> [WHAT THE TASK REQUIRES]
The data is to be retyped in full, exactly.

> [GIVEN INFORMATION]
- - - - - - -

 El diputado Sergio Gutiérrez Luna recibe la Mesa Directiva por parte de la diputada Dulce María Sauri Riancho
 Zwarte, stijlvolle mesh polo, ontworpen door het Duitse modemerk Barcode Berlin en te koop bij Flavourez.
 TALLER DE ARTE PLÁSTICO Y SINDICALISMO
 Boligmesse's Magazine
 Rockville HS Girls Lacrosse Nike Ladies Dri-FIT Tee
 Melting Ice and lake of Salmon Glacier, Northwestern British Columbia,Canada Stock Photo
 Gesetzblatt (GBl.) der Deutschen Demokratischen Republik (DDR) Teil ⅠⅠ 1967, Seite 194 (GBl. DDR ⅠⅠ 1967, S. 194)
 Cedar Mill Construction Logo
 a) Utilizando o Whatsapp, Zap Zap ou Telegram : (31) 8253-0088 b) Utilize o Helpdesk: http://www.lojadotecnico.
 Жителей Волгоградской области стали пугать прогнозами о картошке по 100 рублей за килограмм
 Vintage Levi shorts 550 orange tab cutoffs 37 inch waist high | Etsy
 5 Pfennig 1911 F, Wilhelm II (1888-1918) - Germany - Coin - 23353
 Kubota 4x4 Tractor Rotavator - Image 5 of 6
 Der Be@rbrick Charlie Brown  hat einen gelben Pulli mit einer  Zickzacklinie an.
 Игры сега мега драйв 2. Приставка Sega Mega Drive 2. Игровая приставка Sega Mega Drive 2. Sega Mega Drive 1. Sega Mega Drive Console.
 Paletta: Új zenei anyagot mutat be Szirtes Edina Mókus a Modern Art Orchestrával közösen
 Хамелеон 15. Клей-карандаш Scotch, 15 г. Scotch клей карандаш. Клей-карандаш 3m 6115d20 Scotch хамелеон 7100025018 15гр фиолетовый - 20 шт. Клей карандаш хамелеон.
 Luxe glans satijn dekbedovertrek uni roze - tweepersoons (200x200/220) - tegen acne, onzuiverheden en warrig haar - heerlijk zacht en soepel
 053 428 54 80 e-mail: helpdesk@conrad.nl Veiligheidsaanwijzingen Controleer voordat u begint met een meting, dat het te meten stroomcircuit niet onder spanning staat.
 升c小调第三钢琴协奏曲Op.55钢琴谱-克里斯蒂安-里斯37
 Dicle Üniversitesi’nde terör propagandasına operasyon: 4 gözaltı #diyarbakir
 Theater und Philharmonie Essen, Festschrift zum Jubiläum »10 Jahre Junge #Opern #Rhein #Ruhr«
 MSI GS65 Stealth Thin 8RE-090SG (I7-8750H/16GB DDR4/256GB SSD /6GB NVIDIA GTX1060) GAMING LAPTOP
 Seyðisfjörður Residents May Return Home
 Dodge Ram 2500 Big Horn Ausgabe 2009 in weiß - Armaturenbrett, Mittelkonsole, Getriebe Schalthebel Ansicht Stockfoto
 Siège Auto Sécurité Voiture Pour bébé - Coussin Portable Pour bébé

- - - - - - -

> [SOLUTION TO THIS PROBLEM]
 El diputado Sergio Gutiérrez Luna recibe la Mesa Directiva por parte de la diputada Dulce María Sauri Riancho
 Zwarte, stijlvolle mesh polo, ontworpen door het Duitse modemerk Barcode Berlin en te koop bij Flavourez.
 TALLER DE ARTE PLÁSTICO Y SINDICALISMO
 Boligmesse's Magazine
 Rockville HS Girls Lacrosse Nike Ladies Dri-FIT Tee
 Melting Ice and lake of Salmon Glacier, Northwestern British Columbia,Canada Stock Photo
 Gesetzblatt (GBl.) der Deutschen Demokratischen Republik (DDR) Teil ⅠⅠ 1967, Seite 194 (GBl. DDR ⅠⅠ 1967, S. 194)
 Cedar Mill Construction Logo
 a) Utilizando o Whatsapp, Zap Zap ou Telegram : (31) 8253-0088 b) Utilize o Helpdesk: http://www.lojadotecnico.
 Жителей Волгоградской области стали пугать прогнозами о картошке по 100 рублей за килограмм
 Vintage Levi shorts 550 orange tab cutoffs 37 inch waist high | Etsy
 5 Pfennig 1911 F, Wilhelm II (1888-1918) - Germany - Coin - 23353
 Kubota 4x4 Tractor Rotavator - Image 5 of 6
 Der Be@rbrick Charlie Brown  hat einen gelben Pulli mit einer  Zickzacklinie an.
 Игры сега мега драйв 2. Приставка Sega Mega Drive 2. Игровая приставка Sega Mega Drive 2. Sega Mega Drive 1. Sega Mega Drive Console.
 Paletta: Új zenei anyagot mutat be Szirtes Edina Mókus a Modern Art Orchestrával közösen
 Хамелеон 15. Клей-карандаш Scotch, 15 г. Scotch клей карандаш. Клей-карандаш 3m 6115d20 Scotch хамелеон 7100025018 15гр фиолетовый - 20 шт. Клей карандаш хамелеон.
 Luxe glans satijn dekbedovertrek uni roze - tweepersoons (200x200/220) - tegen acne, onzuiverheden en warrig haar - heerlijk zacht en soepel
 053 428 54 80 e-mail: helpdesk@conrad.nl Veiligheidsaanwijzingen Controleer voordat u begint met een meting, dat het te meten stroomcircuit niet onder spanning staat.
 升c小调第三钢琴协奏曲Op.55钢琴谱-克里斯蒂安-里斯37
 Dicle Üniversitesi’nde terör propagandasına operasyon: 4 gözaltı #diyarbakir
 Theater und Philharmonie Essen, Festschrift zum Jubiläum »10 Jahre Junge #Opern #Rhein #Ruhr«
 MSI GS65 Stealth Thin 8RE-090SG (I7-8750H/16GB DDR4/256GB SSD /6GB NVIDIA GTX1060) GAMING LAPTOP
 Seyðisfjörður Residents May Return Home
 Dodge Ram 2500 Big Horn Ausgabe 2009 in weiß - Armaturenbrett, Mittelkonsole, Getriebe Schalthebel Ansicht Stockfoto
 Siège Auto Sécurité Voiture Pour bébé - Coussin Portable Pour bébé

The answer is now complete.